Wandslinger
At PreMortem I worked mostly on the general gameplay, and the different menus. Here are some highlights from the eight months I worked on the Wandslinger demo. At PreMortem we were two programmers, two artists and one designer.
Area effects
Structure
I set up the area effects in the game by making a C++ class which was inherited by a more general blueprint class which was then again inherited by the specific element classes. I made it this way to be able to implement the core features in C++, while also giving the designer and myself the ability to change small things for every element without having to do the same thing in every element subclass.
The approach with having the specific classes as blueprint child classes of one more general blueprint class which was inherited by one C++ class was how I worked with most of the stuff I did on Wandslinger. I set up the projectiles and the enemies the exact same way.

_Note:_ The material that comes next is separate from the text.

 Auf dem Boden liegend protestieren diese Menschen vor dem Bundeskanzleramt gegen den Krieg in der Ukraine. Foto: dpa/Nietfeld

To differentiate blueprint classes from C++ classes we decided to use BP_ as a prefix for the blueprint classes and no prefix for the C++ classes.

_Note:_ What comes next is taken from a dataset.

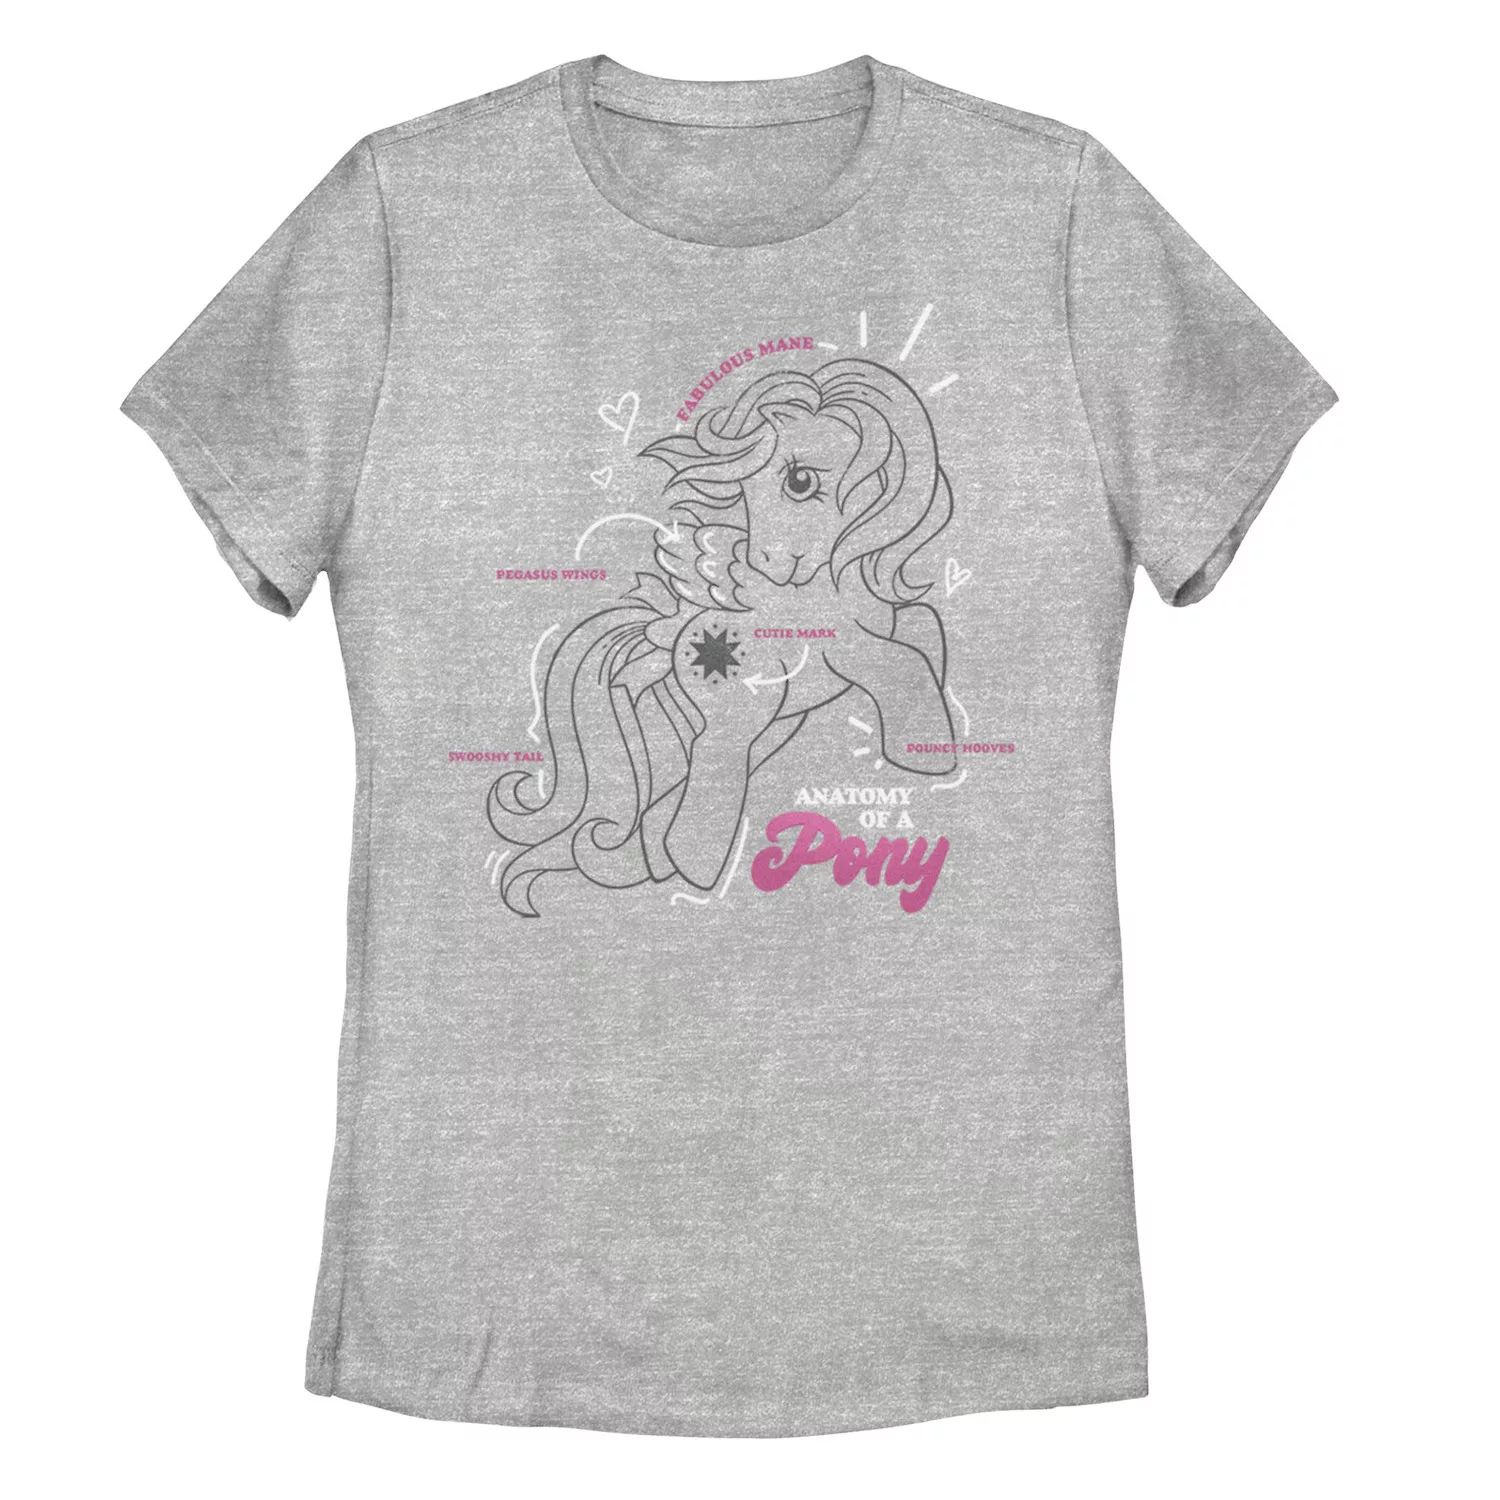 Анатомия футболки с рисунком пони My Little Pony для юниоров My Little Pony детская футболка my little pony pegasister с ретро графикой 1983 года my little pony

This page will be continuously updated with more stuff I did on Wandslinger.
Implementation
The area effects are made of a closed spline. I used Unreal’s spline component, to let the designer use the tools that already exist in Unreal to shape the area effects.
To know if an actor was inside an area effect, I first made a box around the spline to see if the actor was close to the spline. If the actor was outside of the box, the actor was outside of the spline area. If it was inside the box I fetched the closest point on the spline and calculated if the actor was to the right of the point or not. If it was to the right it was inside and otherwise not.